Other potential areas of application for this method are in paleoclimatology, where missing information is a normal situation, in meteorology and climate science to predict and explore the dynamics between climate variables, or in crop modeling applications, where available datasets are frequently incomplete. In the future, we plan to include the use of Dynamic Bayesian Networks to estimate a variable’s values at different time steps considering the previous state values and new information [56,57].

3.3. Caveats

We used a complete dataset to create the model (structure and parameters); however, incomplete data is a common situation in the study area. Bayesian networks can deal with this situation by using learning algorithms for missing data, such as the Expectation-Maximization or Gradient Descent algorithms. Their implementation (in Netica) is similar to the steps described here using the Counting-Learning Algorithm [18,58,59].
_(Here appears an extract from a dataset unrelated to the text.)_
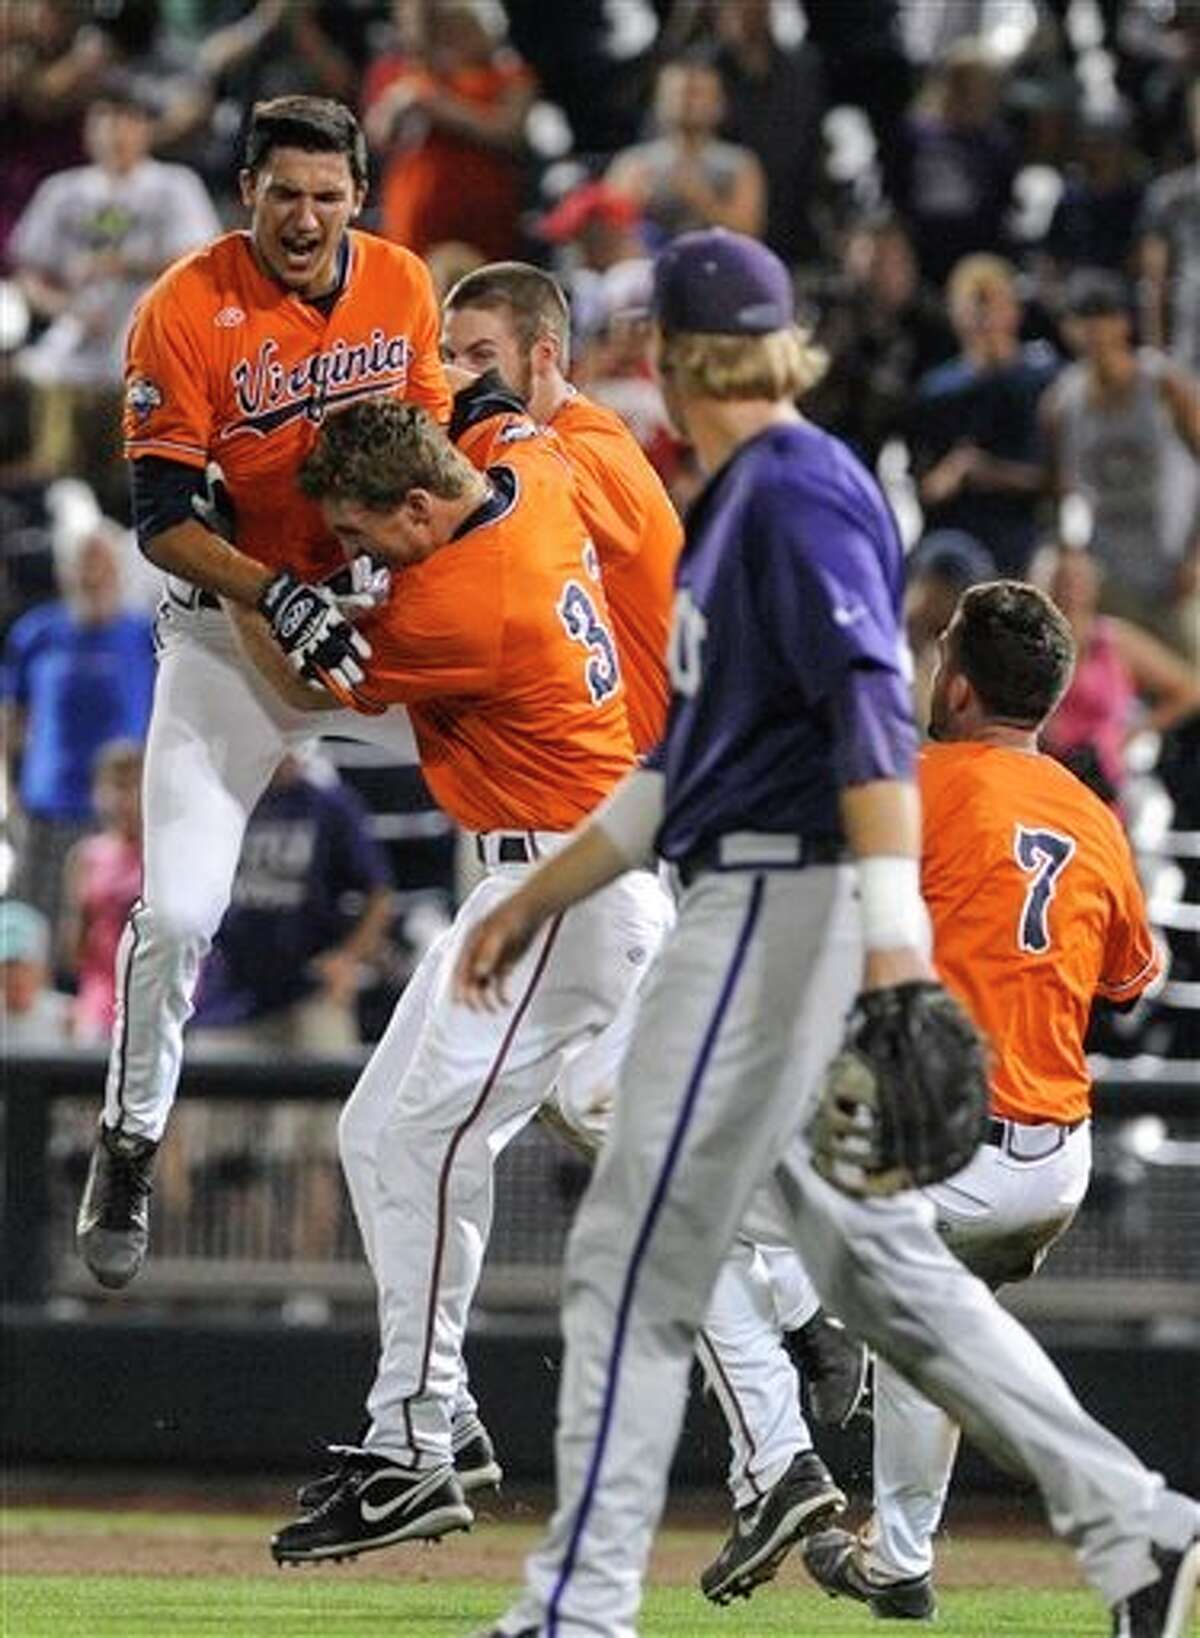 Virginia shortstop Daniel Pinero, left, celebrates with Thomas Woodruff (37) and others after winning 3-2 an NCAA baseball College World Series game against TCU in 15 innings in Omaha, Neb., Wednesday, June 18, 2014. TCU's Kevin Cron is looking on in the foreground. (AP Photo/Eric Francis)

It should also be kept in mind that if the model is used in a different region, or with data of a higher resolution, variable states such as the range and maximum and minimum values need to be adjusted to the new conditions. In addition, in a high-resolution analysis, the addition of topographic and location (latitude and longitude) variables to the model may become necessary, as altitude, for example, can influence relative humidity at a local scale [60,61] and location could capture the spatial variability of the climate variables in the region. Further adjustments would also be necessary if the time step is changed from monthly to weekly or daily. Lastly, even though we built the model to estimate relative humidity, this method is equally suited for inferring missing values for other climate variables.

4. Conclusions

In this paper, we describe the application of a Bayesian network to generate missing data of relative humidity based on its relationship to proxy variables. The procedure is simple, requires a low modeling effort, and ensures that the relationships between all climatic variables remain consistent throughout the process. The model shows a good performance estimating relative humidity, even in cases of uncertainty when proxy variables are missing. We conclude that Bayesian networks are a suitable tool for estimating relative humidity for agricultural planning, an essential and less-explored domain for the application of probabilistic graphical models.

Acknowledgments

This study was funded and supported by the Cluster of Excellence “Integrated Climate System Analysis and Prediction” (CliSAP, DFG-EXC177), the School of Integrated Climate System Sciences (SICSS), Kompetenzzentrum Nachhaltige Universität (KNU), and the Research Unit Sustainability and Global Change at the Universität Hamburg. The model (in Netica format) is available upon request to the corresponding author, and a simplified online version of the model is available in English and Spanish (https://dev.hed.cc/?s=HR).

Author Contributions

Leonel Lara conceived, designed, developed, and performed the modeling and wrote the paper. Livia Rasche, Uwe Schneider, and L. Enrique Sucar supported the modeling performance analysis and the writing processes. Livia Rasche edited the paper. Uwe Schneider contributed with materials and analysis tools.

Conflicts of Interest

The authors declare no conflict of interest.

Appendix A

Table A1. Summary statistics of relative humidity (RH), precipitation (PRCP), maximum temperature (TMAX), solar radiation (Solar), wind speed (Wind) and minimum temperature (TMIN) from the datasets MRH and RHDM. MRH: monthly relative humidity, and RHDM: relative humidity of the driest month. Data source: surface reanalysis dataset Climate Forecast System Reanalysis (CFSR) [45,46].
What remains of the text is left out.